LA RAÍZ SIN PRINCIPIO

     Si hay un rasgo que sobresale en el gnosticismo en todas sus variantes es la oposición que se establece entre el cosmos (la Creación) y Dios. Al dios de los gnósticos no se le puede en modo alguno responsabilizar del mal que existe en nuestro mundo, un mundo que, en definitiva, no es otra cosa que una manifestación material de ese mal. Dios no ha creado el cosmos, ni lo dirige. De hecho, cualquier relación que se estableciera entre esa divinidad y el mundo material sólo serviría para manchar la extrema pureza del dios de los gnósticos. Su trascendencia es absoluta: se sitúa más allá del cosmos y sin ningún contacto con el mismo. Además, el mundo no lo conoce, permanece en la ignorancia completa de la existencia de ese dios, el único digno de tal nombre.

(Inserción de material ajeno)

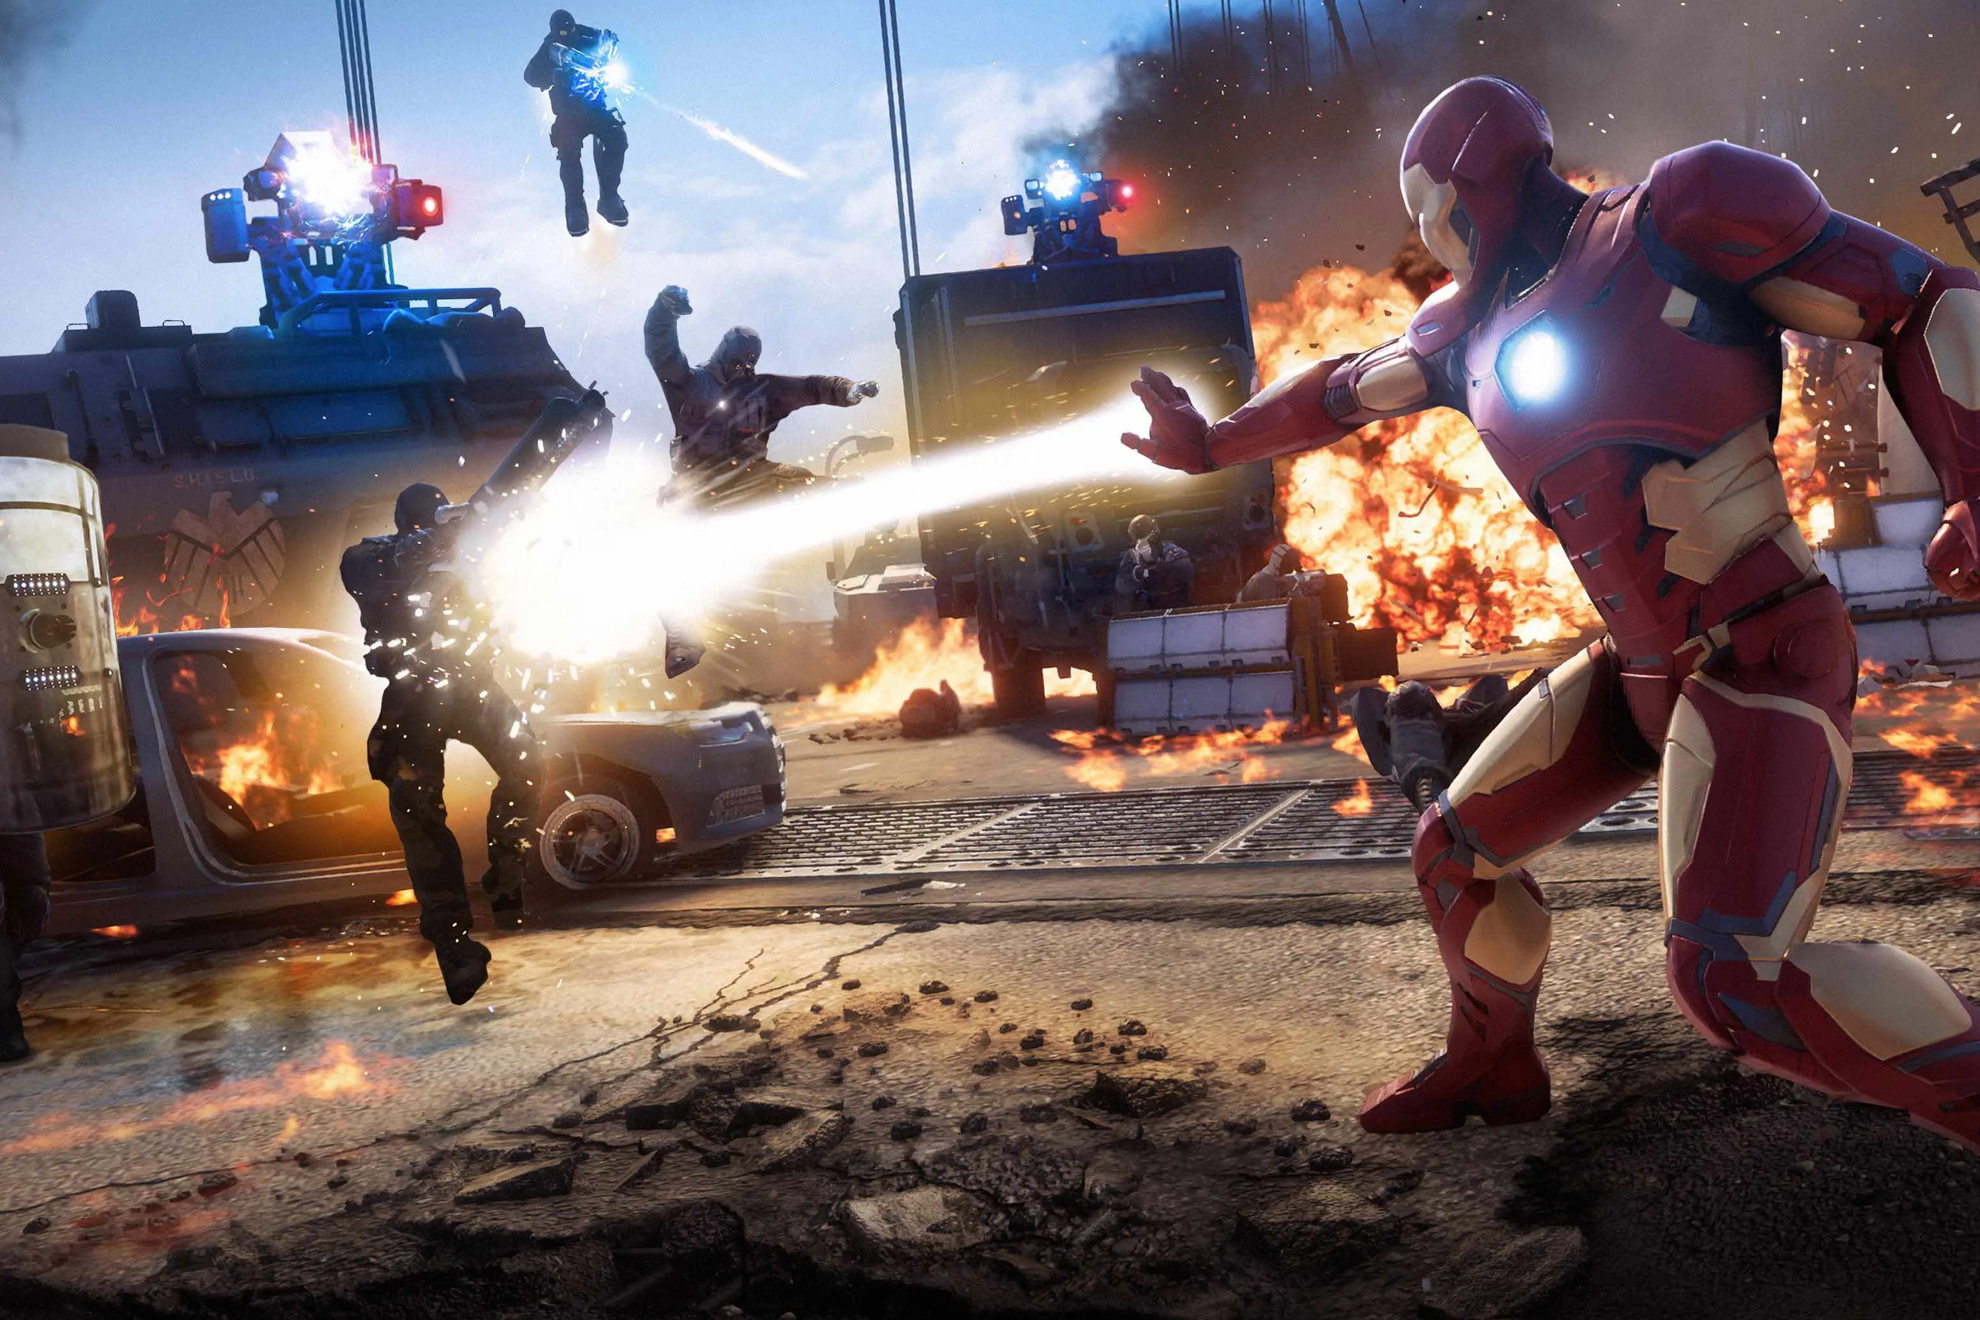 Imagen de Marvels Avengers no representativa del juego.
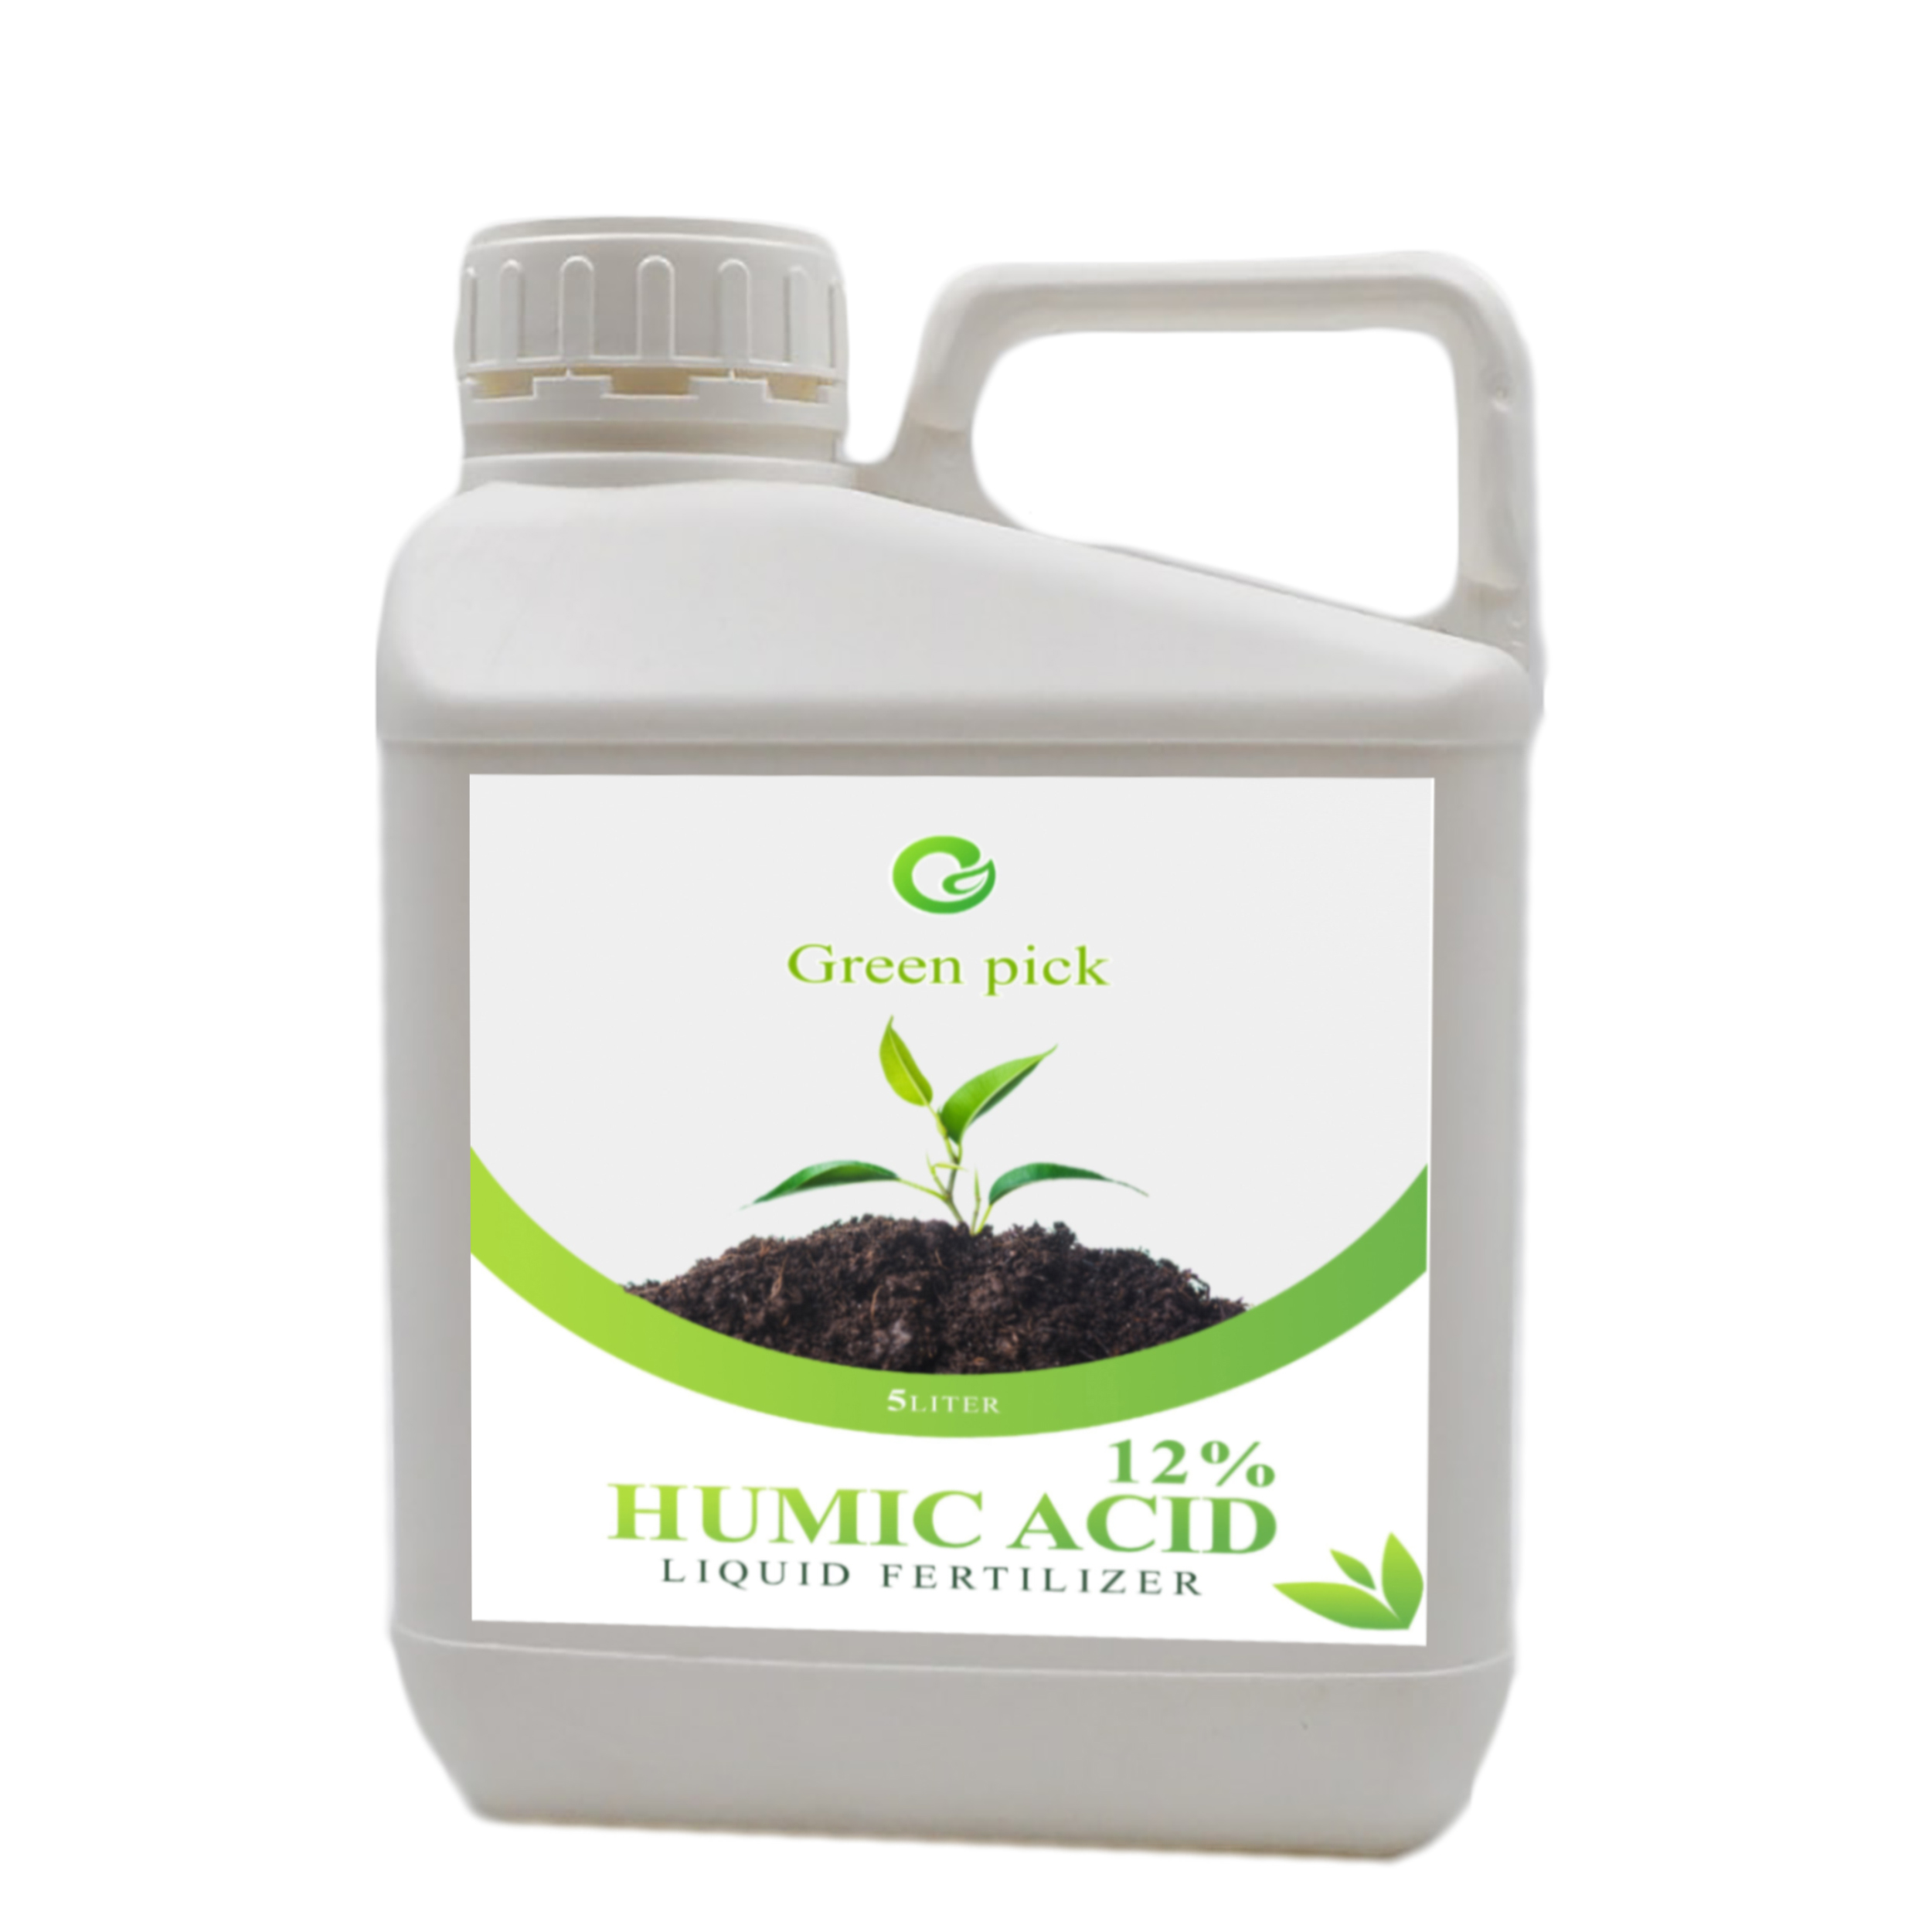 نکته خرید - قیمت روز کود مایع هیومیک اسید گرین پیک مدل Hu5000 حجم 5 لیتر خرید

     Su único compromiso con el mundo —y compromiso es un término quizá inadecuado— es la salvación de los espíritus encerrados en él, para procurar su huída de esta prisión de los sentidos. Esta salvación se lograría, como hemos apuntado antes, por medio del conocimiento de ese dios "extranjero", "desconocido", "inefable", "oculto", "extraño", ajeno tanto a la cotidianeidad como a la historia de los humanos y de la cosas que nos rodean (Puech, op. cit., p. 291-292). "Puesto que la Deficiencia nació porque ellos [los hombres] no conocían al Padre, por eso, cuando llegaron a conocer al Padre, la Deficiencia vuelve a la no existencia de forma instantánea" [15]. Entonces, la salvación, nuestra posibilidad de alcanzar la verdad que nos permita escapar de la esclavitud del tiempo y el espacio, está en nuestras manos, siempre que sigamos sus doctrinas para iniciados, esas que nos quitarán las telarañas de los ojos.

[15] Evangelio de la Verdad, 24:28-32, citado en Jonas, op. cit., p. 328.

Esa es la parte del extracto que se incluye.